Reputation: 186
I have a dataframe with a column named DateTime with datetime values populated every 5 seconds. But few rows are missing which can be identified by seeing time difference between previous and current row. I want to insert the missing rows and populate other column with previous row values.
My Sample dataframe is like below:
DateTime Price
2022-03-04 09:15:00 34526.00
2022-03-04 09:15:05 34487.00
2022-03-04 09:15:10 34470.00
2022-03-04 09:15:20 34466.00
2022-03-04 09:15:45 34448.00
Result dataframe as below:
DateTime Price
2022-03-04 09:15:00 34526.00
2022-03-04 09:15:05 34487.00
2022-03-04 09:15:10 34470.00
2022-03-04 09:15:15 34470.00 <----Insert Row and keep Price same as previous row
2022-03-04 09:15:20 34466.00
2022-03-04 09:15:25 34466.00 <----Insert Row and keep Price same as previous row
2022-03-04 09:15:30 34466.00 <----Insert Row and keep Price same as previous row
2022-03-04 09:15:35 34466.00 <----Insert Row and keep Price same as previous row
2022-03-04 09:15:40 34466.00 <----Insert Row and keep Price same as previous row
2022-03-04 09:15:45 34448.00
Upvotes: 1
Views: 672
Reputation: 28644
pandas asfreq method suffices for this :
(df
.set_index("DateTime")
.asfreq(freq="5S", method="ffill")
.reset_index()
)
DateTime Price
0 2022-03-04 09:15:00 34526.0
1 2022-03-04 09:15:05 34487.0
2 2022-03-04 09:15:10 34470.0
3 2022-03-04 09:15:15 34470.0
4 2022-03-04 09:15:20 34466.0
5 2022-03-04 09:15:25 34466.0
6 2022-03-04 09:15:30 34466.0
7 2022-03-04 09:15:35 34466.0
8 2022-03-04 09:15:40 34466.0
9 2022-03-04 09:15:45 34448.0
Upvotes: 2
Reputation: 8962
An alternative, using an outer join:
t = pd.date_range(df.DateTime.min(), df.DateTime.max(), freq="5s", name="DateTime")

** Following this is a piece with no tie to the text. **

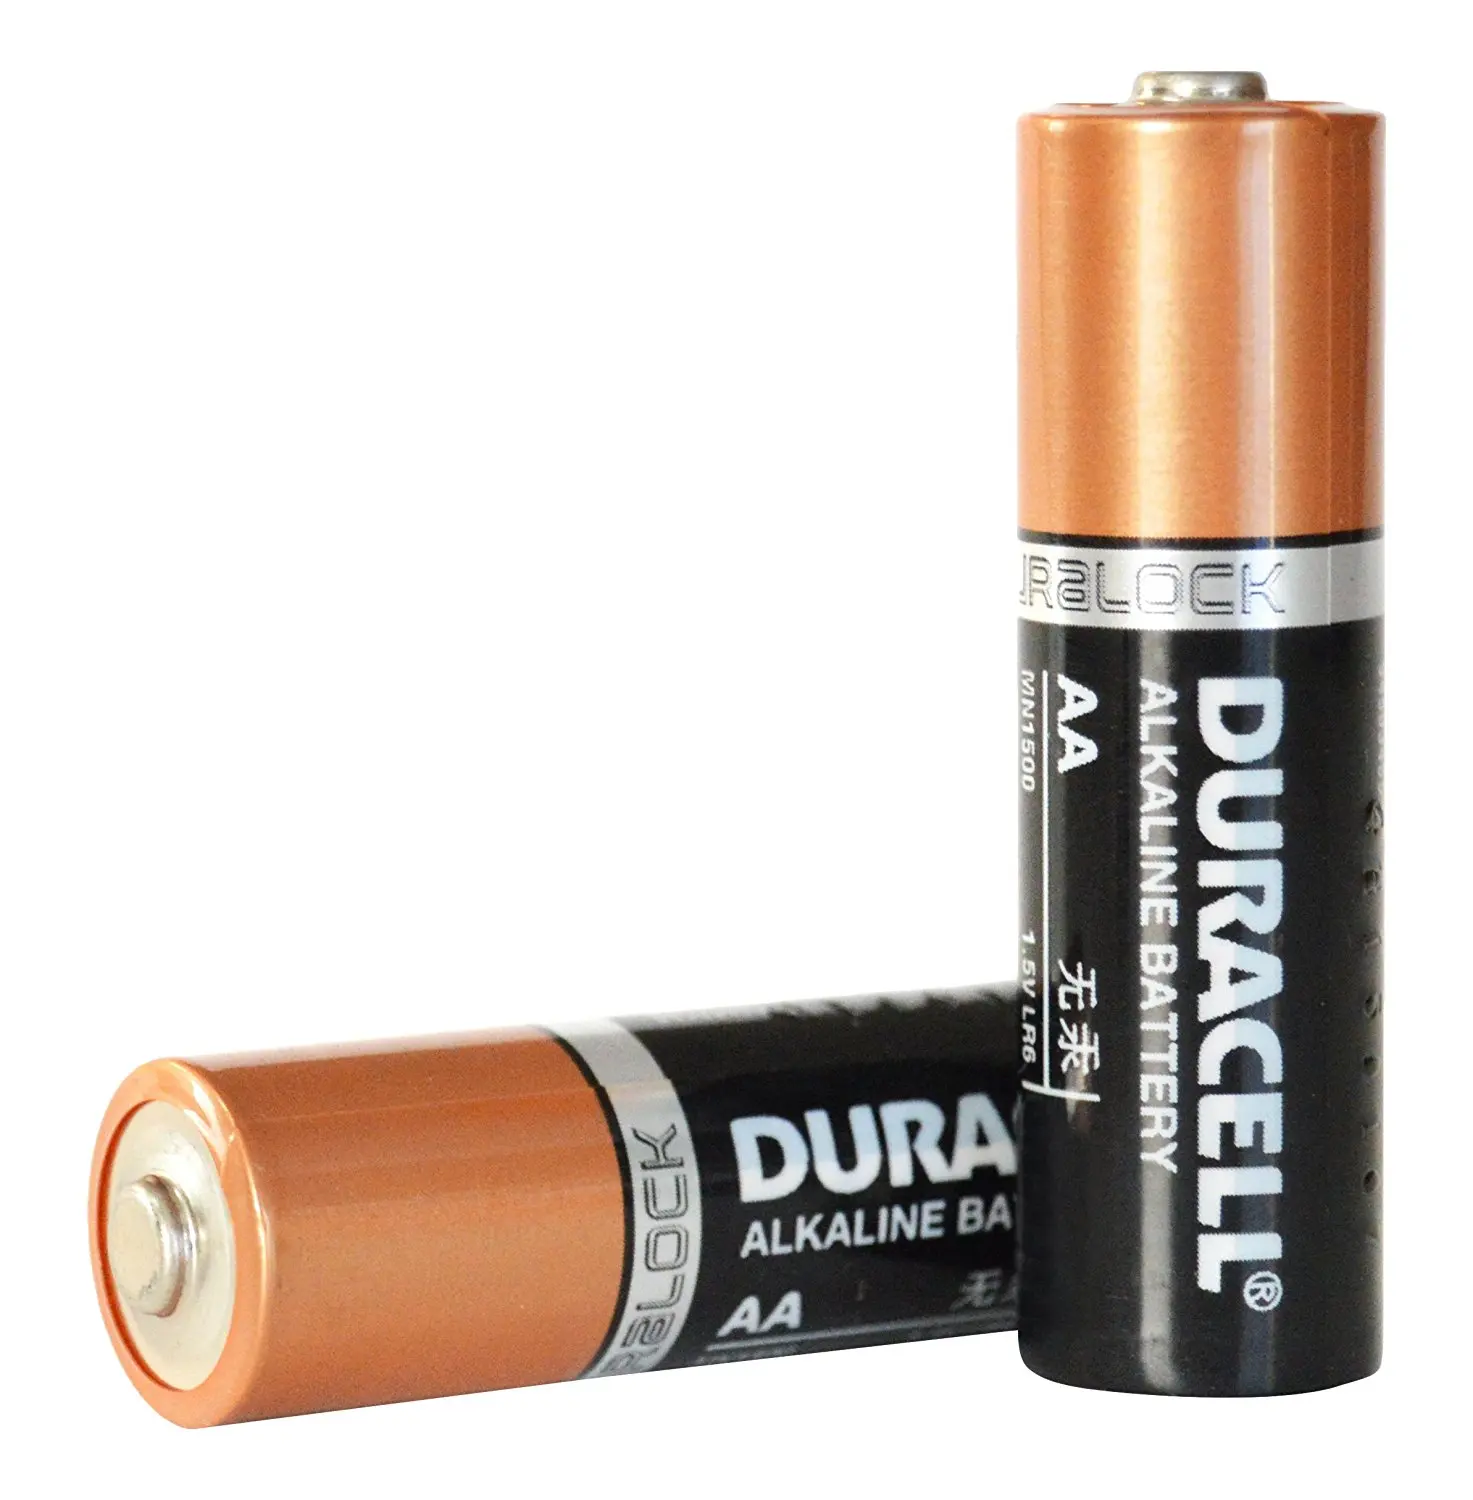 Aa battery. Батарейки Duracell АА. Duracell professional AA 4 шт. Duracell Rechargeable AA 1000. Duracell lr202bl.
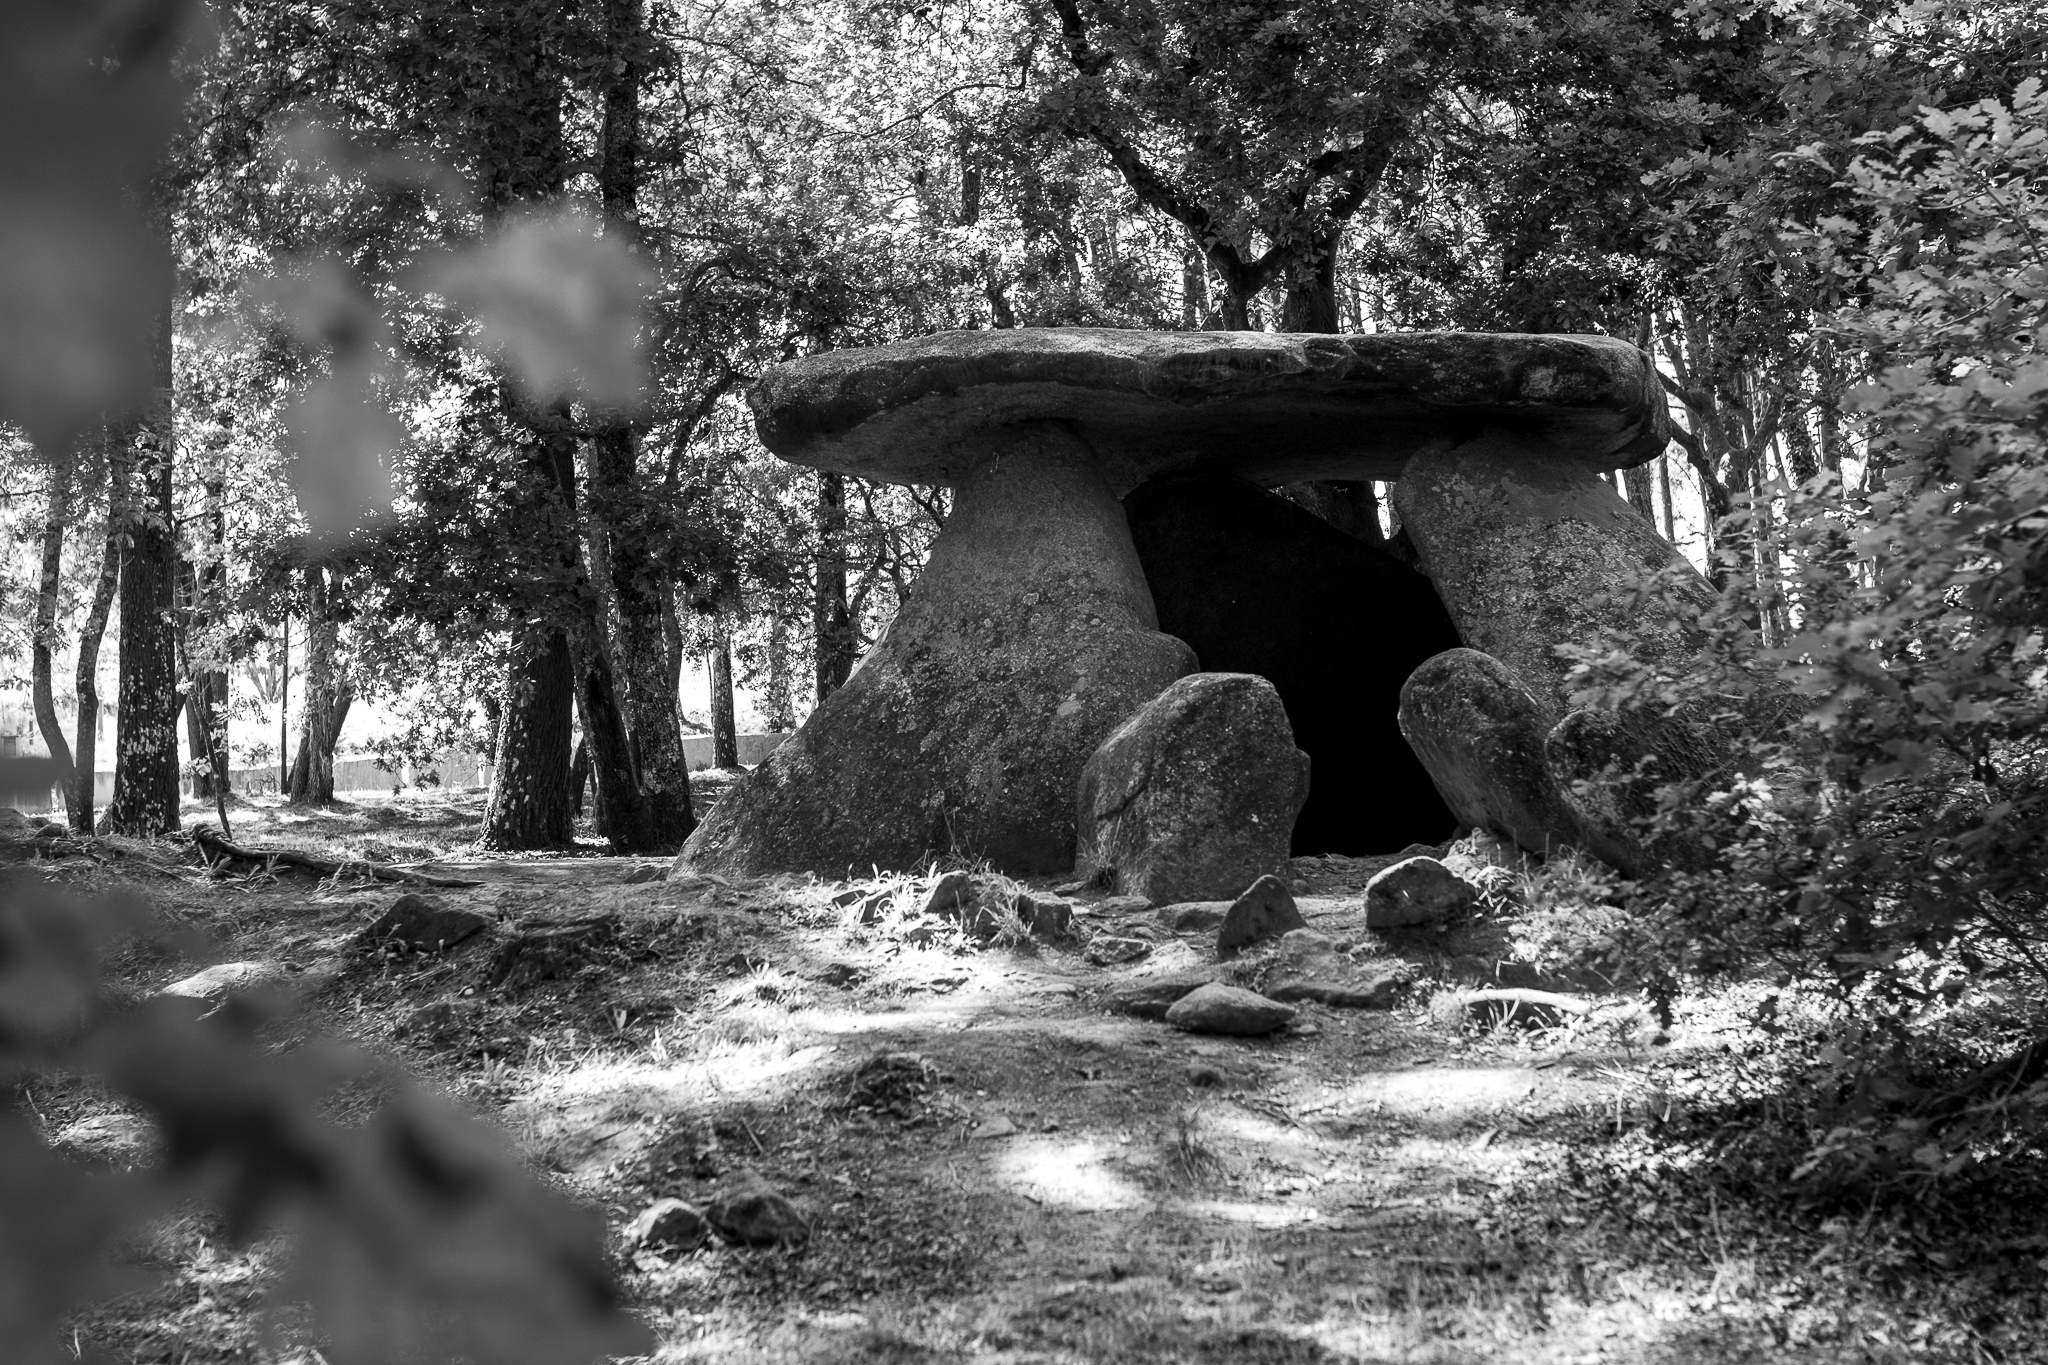  The dolmen of Axeitos or Pedra do Mouro dates back to between 4000 and 3600 B.C. Located in Oleiros, the dolmen is considered the "Galician megalithic parthenon". This, through a small corridor, allowed access to a burial chamber.

pd.merge(pd.DataFrame(t), df, how="outer").ffill()
Output:
Out[3]:
DateTime Price
0 2022-03-04 09:15:00 34526.0
1 2022-03-04 09:15:05 34487.0
2 2022-03-04 09:15:10 34470.0
3 2022-03-04 09:15:15 34470.0
4 2022-03-04 09:15:20 34466.0
5 2022-03-04 09:15:25 34466.0
6 2022-03-04 09:15:30 34466.0
7 2022-03-04 09:15:35 34466.0
8 2022-03-04 09:15:40 34466.0
9 2022-03-04 09:15:45 34448.0
Upvotes: 3
Reputation: 153460
Try resample
then ffill
:
df['DateTime'] = pd.to_datetime(df['DateTime']) # change to datetime dtype
df = df.set_index('DateTime') # move DateTime into index
df_out = df.resample('5S').ffill() # resample 5 secs and forward fill
Output:
Price
DateTime
2022-03-04 09:15:00 34526.0
2022-03-04 09:15:05 34487.0
2022-03-04 09:15:10 34470.0
2022-03-04 09:15:15 34470.0
2022-03-04 09:15:20 34466.0
2022-03-04 09:15:25 34466.0
2022-03-04 09:15:30 34466.0
2022-03-04 09:15:35 34466.0
2022-03-04 09:15:40 34466.0
2022-03-04 09:15:45 34448.0
Upvotes: 3
Reputation: 3852
Another option:
Create a new dataframe with the range of dates you want
df_2 = pd.DataFrame({
"DateTime": pd.date_range(start=df.loc[0, "DateTime"], end=df.loc[len(df.index)-1, "DateTime"], freq="5s")
})
Merge the new and the original dataframe using outer join
df = pd.merge(df, df_2, how="outer").sort_values("DateTime")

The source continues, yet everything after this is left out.